PARSEC_MCA_device_cuda_memory_use=10 salloc -N1 --ntasks-per-node=2 -whexane "/apps/spacks/2023-08-14/opt/spack/linux-rocky9-x86_64/gcc-11.3.1/openmpi-4.1.5-2rgaqk2wseegpmbdbbygvwrljccjaqsk/bin/mpiexec" --tag-output -n 2 --bind-to none --map-by socket --report-bindings build.cuda/tests/testing_dpotrf -g 0 -N 30000 -x -v=4 -t 384 -c 8
[1,1]<stderr>:W@00001 /!\ PERFORMANCE MIGHT BE REDUCED /!\: Multiple PaRSEC processes on the same node may share the same physical core(s);
[1,1]<stderr>: This is often unintentional, and will perform poorly.

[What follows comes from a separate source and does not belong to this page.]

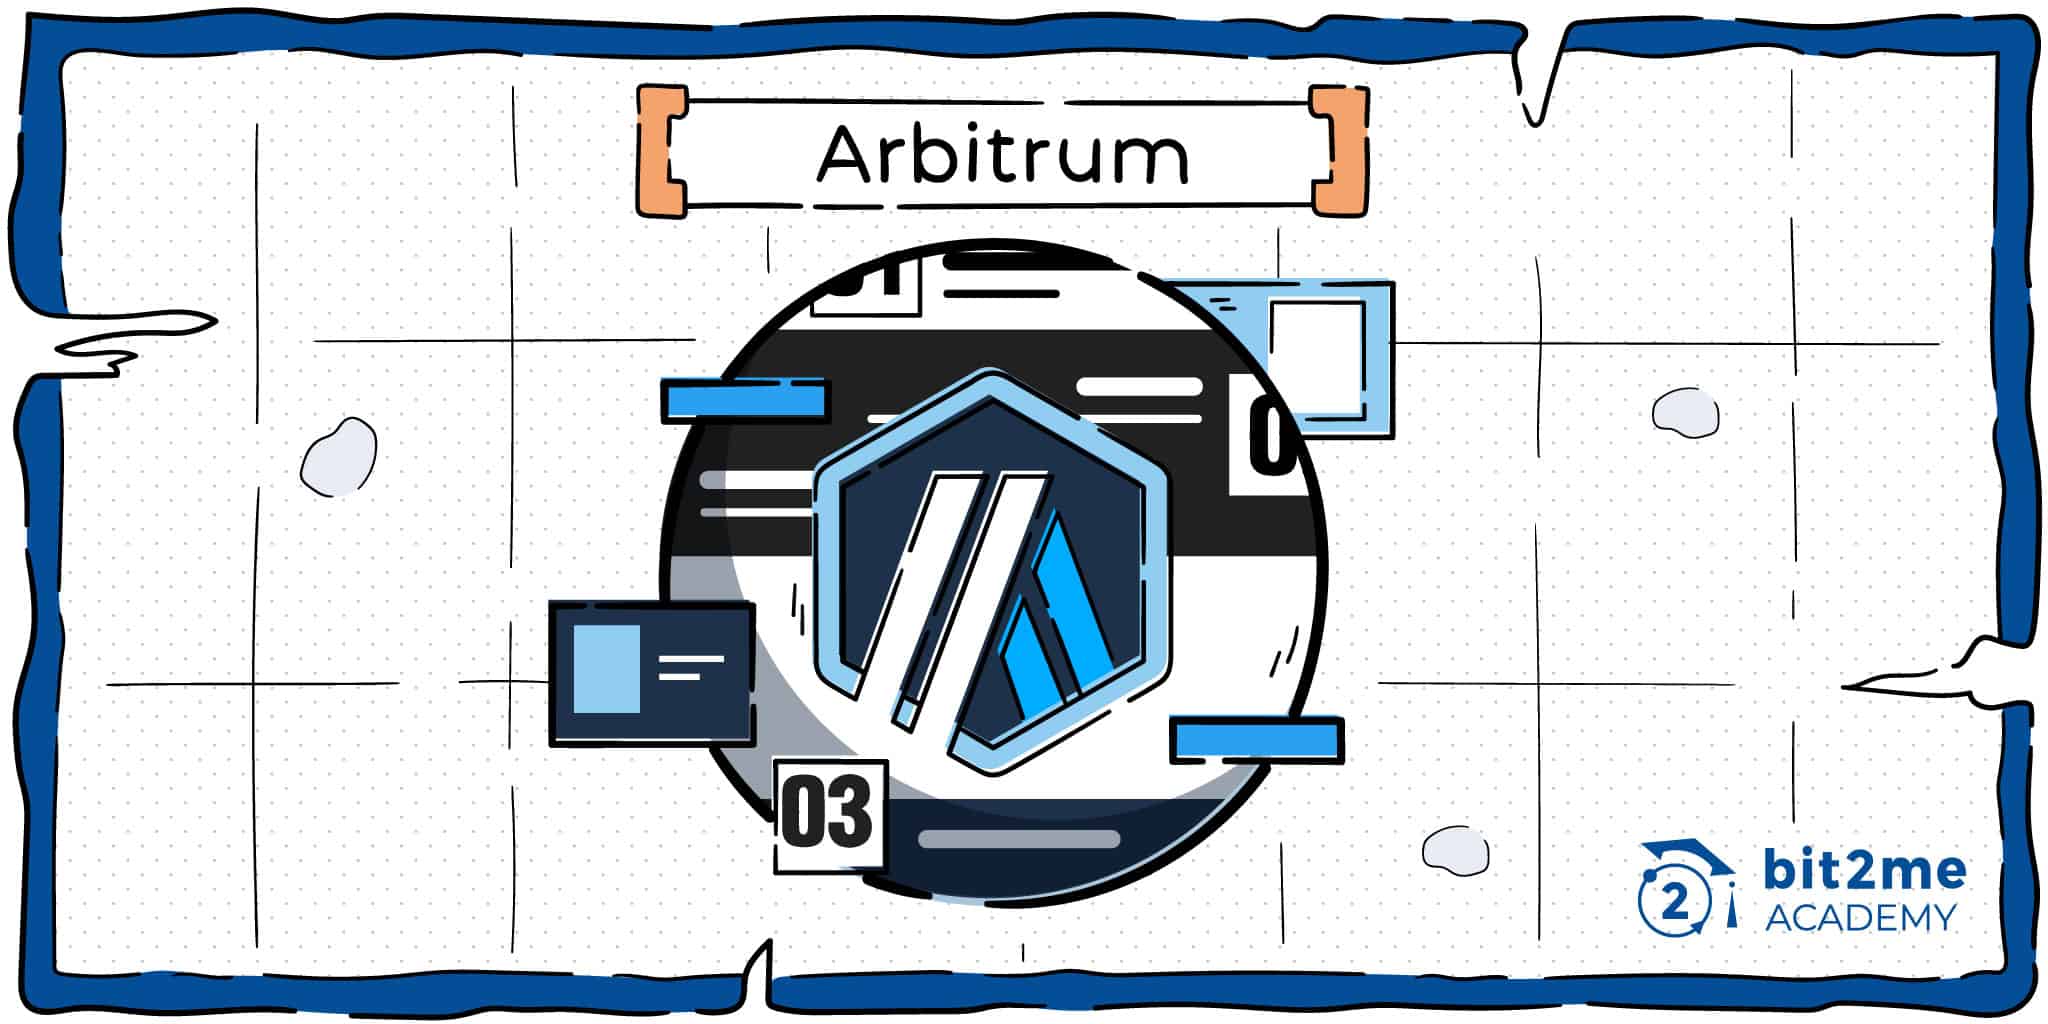 Arbitrum, protocolo de capa 2 de Ethereum basado en Optimistic Rollups

[1,1]<stderr>: Note that in managed environments (e.g., ALPS, jsrun), the launcher may set `cgroups`
[1,1]<stderr>: and hide the real binding from PaRSEC; if you verified that the binding is correct,
[1,1]<stderr>: this message can be silenced using the MCA argument `runtime_warn_slow_binding`.

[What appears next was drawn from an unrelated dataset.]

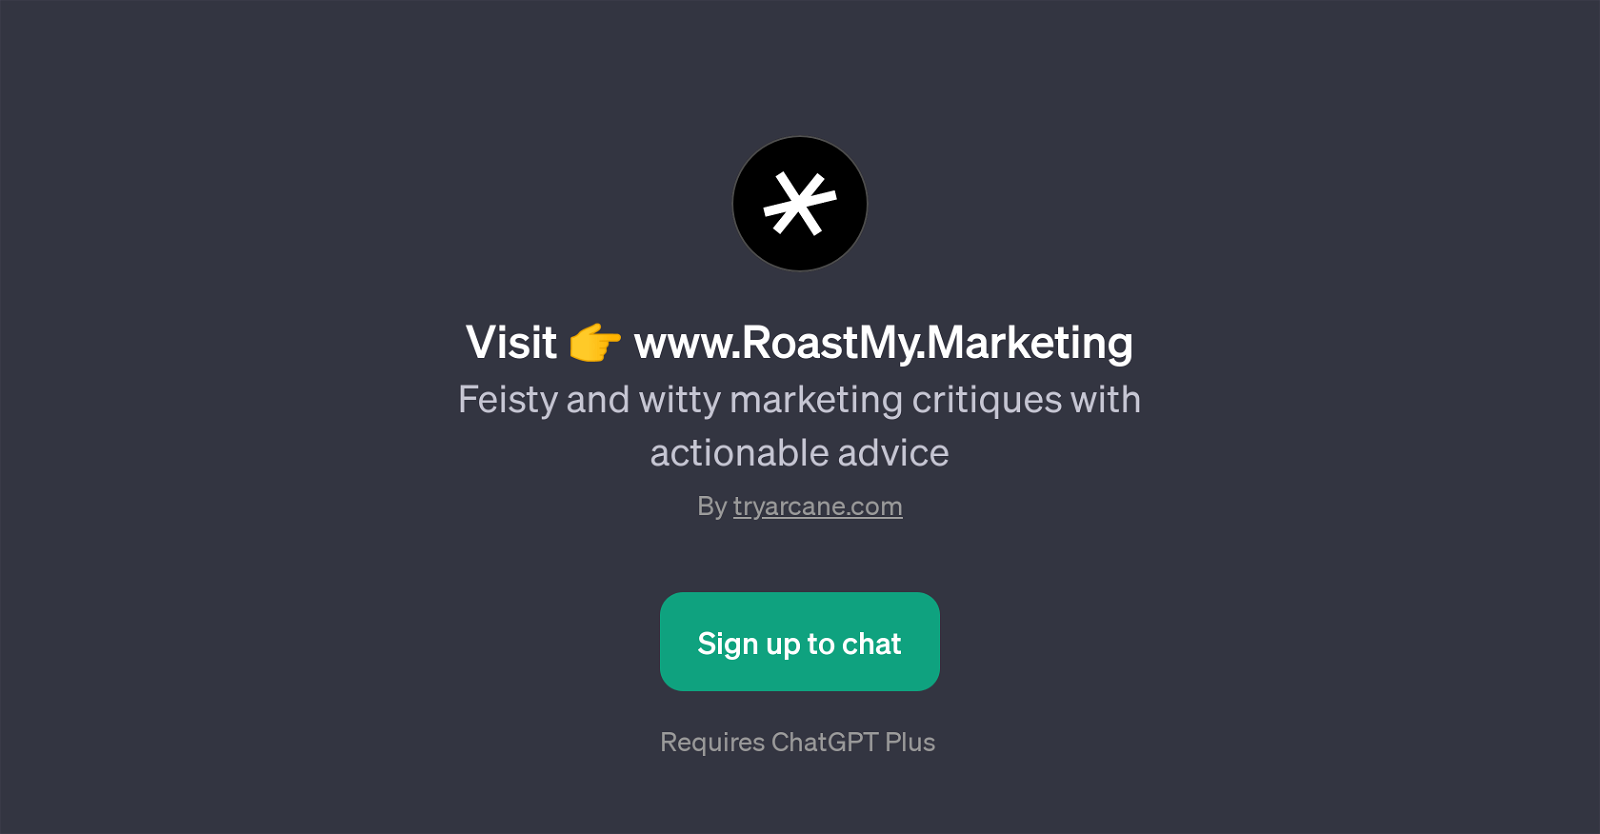 RoastMy.Marketing website

[1,0]<stderr>:#+++++ cores detected : 8
[1,0]<stderr>:#+++++ nodes x cores + gpu : 2 x 8 + 0 (16+0)
[1,0]<stdout>:[****] TIME(s) 31.77802 : dpotrf PxQxg= 2 1 0 NB= 384 N= 30000 : 283.228825 gflops - ENQ&PROG&DEST 31.80433 : 282.994460 gflops - ENQ 0.02591 - DEST 0.00040
...
PARSEC_MCA_device_cuda_memory_use=10 salloc -N1 --ntasks-per-node=2 -whexane "/apps/spacks/2023-08-14/opt/spack/linux-rocky9-x86_64/gcc-11.3.1/openmpi-4.1.5-2rgaqk2wseegpmbdbbygvwrljccjaqsk/bin/mpiexec" --tag-output -n 2 --bind-to socket --map-by socket --report-bindings build.cuda/tests/testing_dpotrf -g 0 -N 30000 -x -v=4 -t 384
[1,0]<stderr>:#+++++ cores detected : 8
[1,0]<stderr>:#+++++ nodes x cores + gpu : 2 x 8 + 0 (16+0)

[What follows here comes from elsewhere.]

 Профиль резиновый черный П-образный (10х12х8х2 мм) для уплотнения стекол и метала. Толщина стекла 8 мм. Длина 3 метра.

[1,0]<stdout>:[****] TIME(s) 19.26431 : dpotrf PxQxg= 2 1 0 NB= 384 N= 30000 : 467.208496 gflops - ENQ&PROG&DEST 19.26601 : 467.167396 gflops - ENQ 0.00008 - DEST 0.00161
vpmap initialization creates and fills parsec_vpmap[vp].threads[t+ht].cpuset = HWLOC_ALLOC(); with all sorts of intricate things (that are not abiding with the restricted mask) but these are write only variables.
~~At this point I propose we merge this PR with the broken vpmap, and create a tracking issue to fix them later in v4.1. Poll below.~~
At this point I will excise the rework on the vpmap, merge the rework that is effective in the flat case, and defer completion of complex vpmap process binding to 4.1.